Submitted January 9, 1991.
Decided May 17, 1991.
Robert S. Tschiemer, Little Rock, Ark., for appellant.
James G. Touhey, Jr., Washington, D.C., for appellee.
Appeal from the United States District Court for the Western District of Arkansas.
Before JOHN R. GIBSON, Circuit Judge, FLOYD R. GIBSON, Senior Circuit Judge, and BOWMAN, Circuit Judge.
Tracor/MBA, Inc., appeals from the district court's entry of summary judgment against it on its claim against the United States. The district court held that it lacked subject matter jurisdiction because Tracor's claim was barred by the discretionary function exception to the Federal Tort Claims Act. See 28 U.S.C. § 2680(a) (1988). Tracor argues that the government was not entitled to summary judgment because the discretionary function exception does not apply, and because disputed issues of material fact exist for trial. We affirm.

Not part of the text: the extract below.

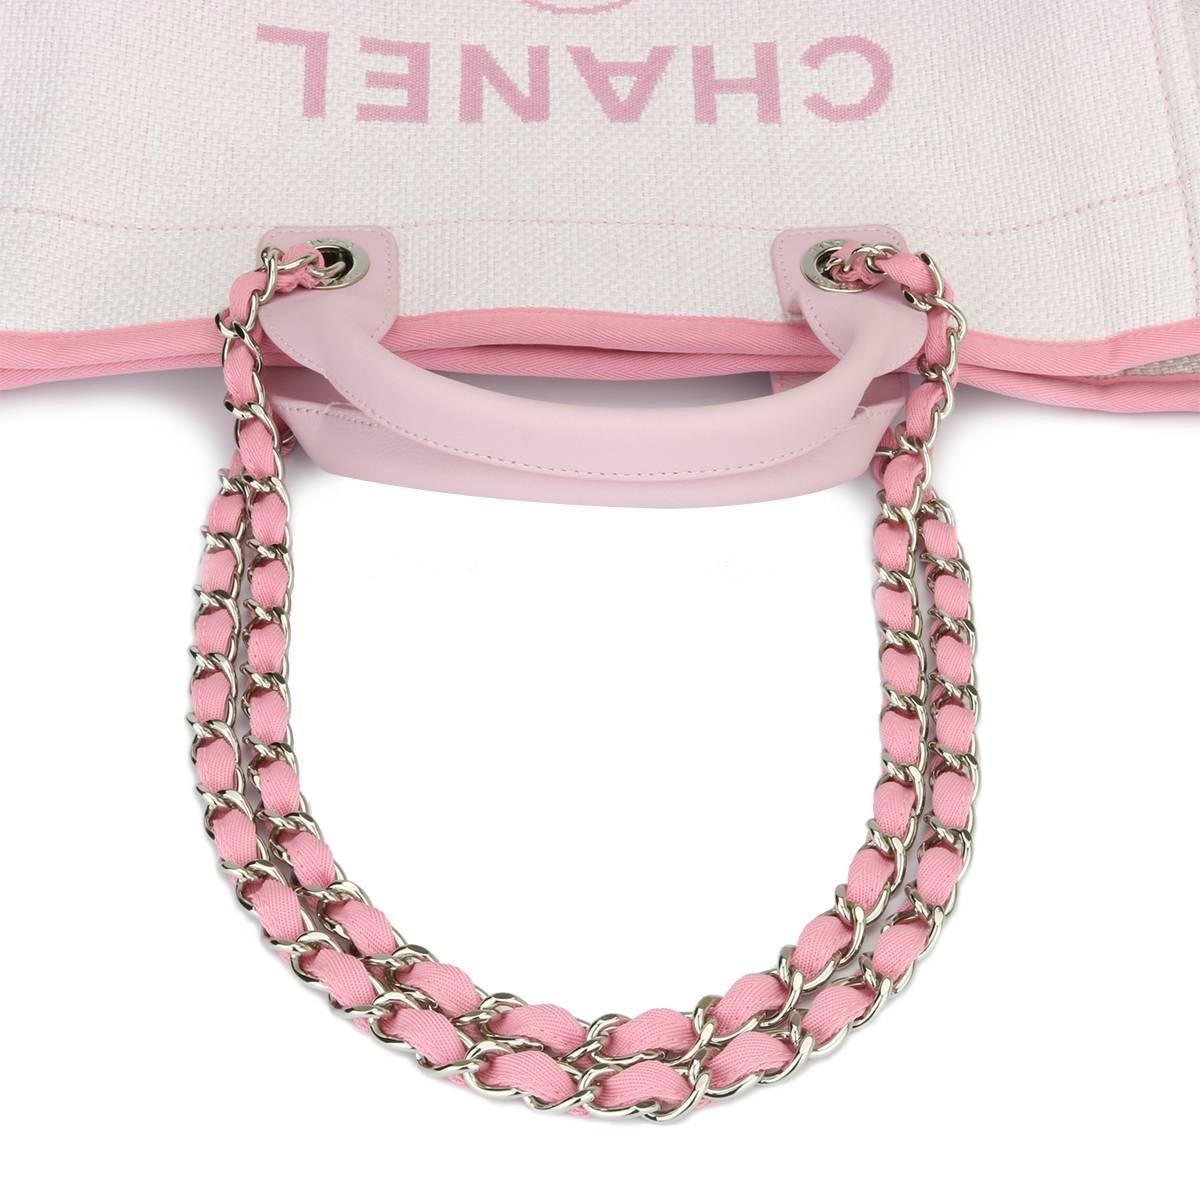 Women's or Men's CHANEL Deauville Tote Large Pink Canvas with Silver Hardware 2016

The Honorable Oren Harris, Senior United States District Judge for the Eastern and Western Districts of Arkansas.
On December 19, 1983, Sandra Bearden, an employee of Tracor/MBA, Inc., was injured in a fire at the Tracor plant in East Camden, Arkansas. The fire occurred after an explosion on a production line for the M-206 Infrared Flare, a countermeasures aircraft decoy flare, which Tracor manufactured under a contract with the United States Department of Defense.
Tracor's contract for the production of the flares with the Department of Defense incorporated by reference a standard safety clause for the manufacture of ammunition and explosives. See 48 C.F.R. § 252.223-7001 (1990). This safety clause required Tracor to comply with safety standards established by the Department of Defense Contractors' Safety Manual for Ammunition and Explosives (DOD Manual). See 48 C.F.R. § 252.223-7001(b). The contract delegated primary responsibility for complying with the safety requirements and supervising plant safety to Tracor, but the government was also required to make sure that the contractor fulfilled its obligations pertaining to quality and quantity, and complied with the contract's safety requirements.
Initially, the government assigned two quality assurance representatives (or inspectors) to Tracor's plant. Later, the government assigned a quality assurance specialist trainee to the Tracor plant. Although the inspectors' primary responsibility was to oversee Tracor's compliance with the contract's quality requirements, the inspectors were also responsible for reviewing Tracor's compliance with the contract's safety requirements. The inspectors' regular procedures included a forty-seven step procedures review checklist for safety compliance. If Tracor failed to comply with applicable safety rules, the inspectors could take immediate corrective action and even cause Tracor to cease production by withdrawing government personnel until it remedied the safety violations. See 32 C.F.R. § 252.223-7001(d).
Sandra Bearden and her husband filed administrative claims under the Federal Tort Claims Act against the Department of Defense. 28 U.S.C. § 1346(b), 2671-2680 (1988). The Beardens alleged that the government's failure to enforce Tracor's compliance with the applicable safety standards for the manufacture of munitions caused the fire. After the administrative agency failed to dispose of the Beardens' claim within six months, the Beardens filed suit. See 28 U.S.C. § 2675(a). The district court allowed Tracor to intervene in the action because it paid workers' compensation benefits to Sandra Bearden, and Arkansas law entitles Tracor to a lien against the proceeds of any recovery she received from the United States. Bearden v. United States, No. 87-1114, slip op. at 1 (W.D. Ark. Aug. 31, 1989).
The government filed a motion to dismiss and an alternative motion for summary judgment, and while the motions were pending, the Beardens and the United States settled. The district court allowed the Beardens to settle around Tracor's lien and also held that Tracor was entitled to proceed directly against the United States. Bearden v. United States, No. 87-1114, slip op. at 5 (W.D.Ark. Mar. 9, 1990).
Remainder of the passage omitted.